A later Romeo and Juliet musical with music by Gerard Presgurvic has been a great success in Europe since it opened in France on Valentine's Day 2000. An attempt to launch it on the English-speaking world fizzled out after Don Black's translation was poorly received in London.
Later Shows
Return to the Forbidden Planet, subtitled 'Shakespeare's Forgotten Rock and Roll Masterpiece' is a favourite of UK theatre-goers. Taking its inspiration from the classic sf film Forbidden Planet and the film's source The Tempest, the show takes Shakespeare's characters into space and gets them singing Rock and Roll classics such as 'All Shook Up' and 'Great Balls of Fire'. The Tempest is still just about recognisable, too.
Two Gentlemen of Verona was a surprise hit, with the people from Hair adapting one of Shakespeare's least well-known plays into a 1970's success.
One of the biggest ever Disney films, which later became a hit stage musical - The Lion King - is essentially the plot of Hamlet with lions replacing the main characters. Simba is Hamlet, Scar is Claudius (the evil uncle who kills his brother to steal his throne) and Simba's dad (Mufasa) of course appears as a ghost before Simba goes off to avenge his death. Heavily disguised, perhaps, but the basics of the plot are there.

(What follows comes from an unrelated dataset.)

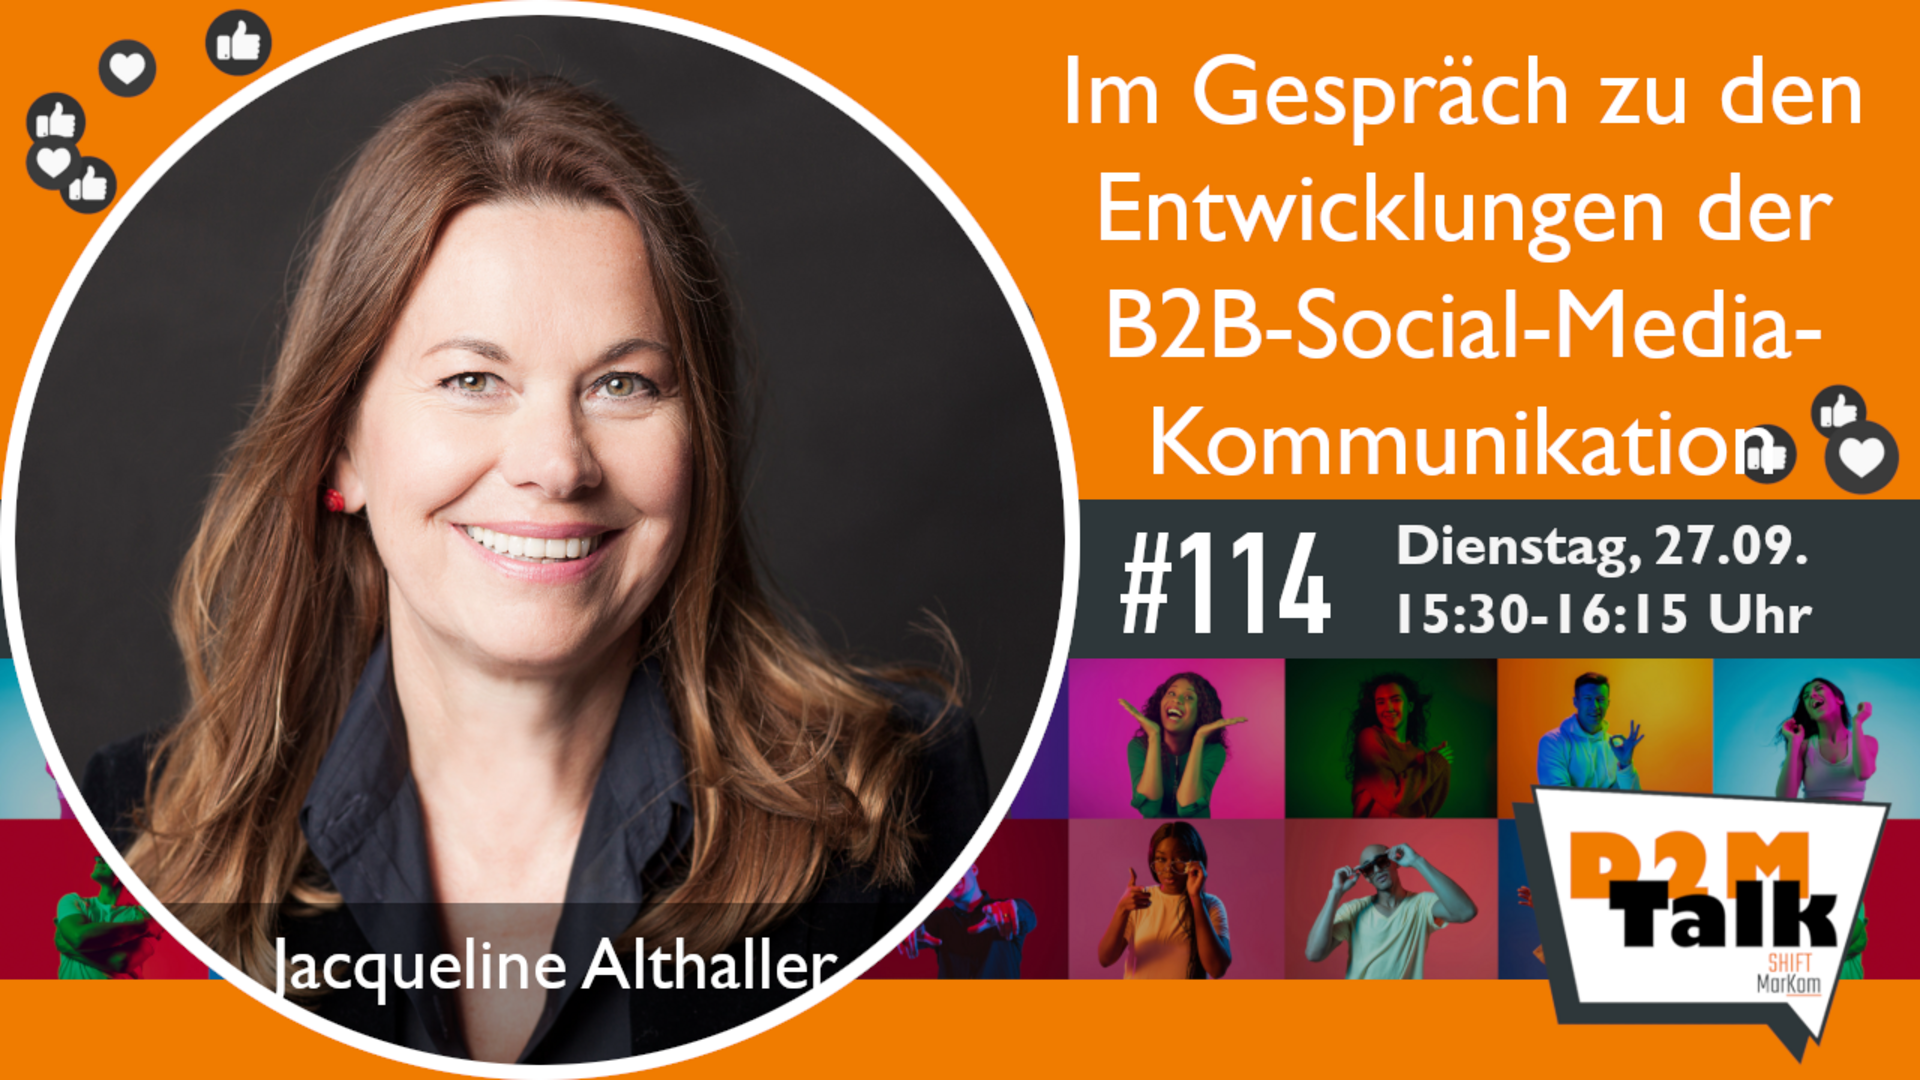 Im Gespräch mit Jacqueline Althaller zu den Entwicklungen der B2B-Social-Media-Kommunikation

Shakespeare has also been the source for some dismal failures. Jack to a King was an attempt to replicate the success of Return to the Forbidden Planet with a gangland Macbeth. Numerous attempts at Twelfth Night have been made (including Music Is and Play On). And Rockabye Hamlet was just disturbing (for instance, Ophelia strangled herself with a microphone cord).
A Brief Note On Other Playwrights
Of course, Shakespeare isn't the only playwright to have had his plays musicalised. Various plays which most people would never have considered putting music to have been turned into successful musicals:
- My Fair Lady is a musical version of Shaw's Pygmalion, which sticks very closely to the original (using much of Shaw's dialogue and changing only the ending), yet manages to make the songs a natural part of the proceedings. Some of these spring from the trials and tribulations of language: 'Why Can't the English' and 'The Rain in Spain', while others perform the usual musical comedy function of taking over from dialogue when the emotion runs highest.
- New Girl in Town was less successful, lasting just over a year on Broadway, but then the very concept of adding music to Eugene O'Neill's plot of Anna Christie is exceedingly bizarre.
- Another 'pointless' musicalisation is that of High Spirits, which achieves the bizarre task of musicalising a Noel Coward play (Blithe Spirit) with music by other people. It too had a relatively short life on Broadway, but has proved popular since, frequently revived.
- Hello, Dolly! was based on Thornton Wilder's popular farce, The Matchmaker, subsituting music for much of the farcical elements (though combining the two in the 'Motherhood March'), much as Where's Charley? had done for Charley's Aunt.
- Chicago, Carousel and Oklahoma! all achieved the task of taking an almost-forgotten play (respectively Chicago, Liliom and Green Grow the Lilacs), spotting something in it and transforming it into a smash-hit musical.
- Rent, Miss Saigon and Aida, all smash hits on Broadway, take things one step further, mining operative sources (La Boheme, Madame Butterfly and Aida) and creating a new score around much the same story.